Abel then asked the panellists how they have “innovatively” used DevOps differently now than to a few years ago.

Green replied with:

“From a few years ago we never used it…so now we are using it, so it’s helping us pivot. But still we’re doing the pivots region by region.”

Green explained that you cannot just stop everything and change systems at a bank 180 degrees overnight due to the culture change. Conversations are constantly needed in discussing “how it’s [DevOps] good and why it’s good…at the same time you still have to be flexible to whatever the senior management puts up”.

During the latter half of the panel, Abel discussed the three areas that are the hidden “rules of disaster”: culture, religious debate and politics. Abel then posed the question as to how the panellists businesses handle these changes to political debates, religious debates and cultural debates.

Olivieri answered with:

“I use quite a straightforward approach. Basically the best way to show people…is to show them how it works. No big words, no difficult diagrams.”

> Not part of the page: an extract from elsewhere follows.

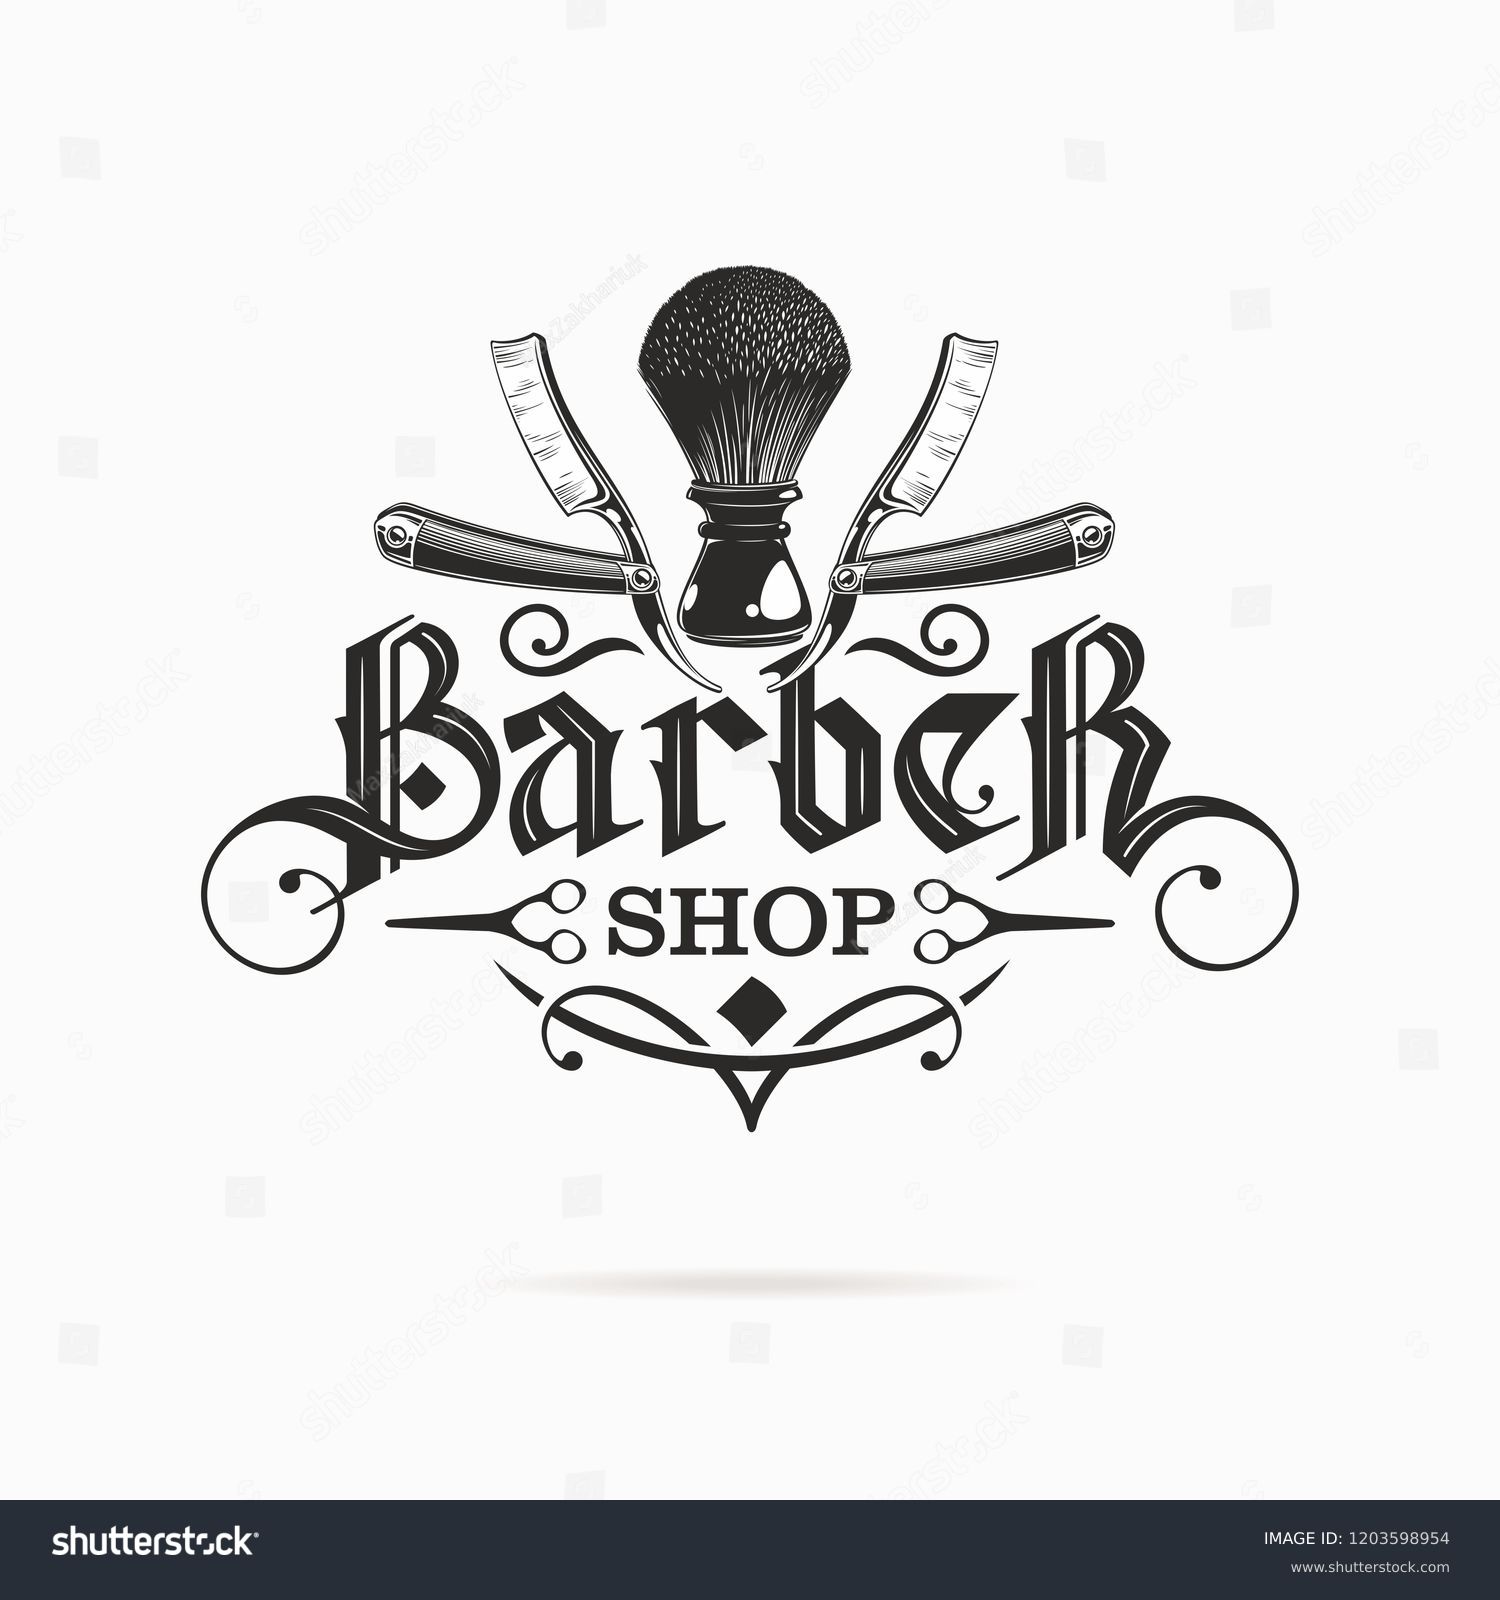 barber shop logo with gothic lettering #1203598954

The subject of using DevOps remotely and its challenges are discussed.

Green had stated

“In the past before I moved to London I was managing a team of developers, whose product was in Hong Kong, sitting in Chicago and all the technologies are here in Paris and London. So trying to manage the time zones and different aspects, just trying to be agile has been…it’s always been a nightmare.”

“But from a management and innovation perspective…it’s a lot about breaking the silence and having a conversation. So it’s almost like you’re building another internal network where it’s initially of “how can I help you” and “what can I do for you” to show them the benefit.”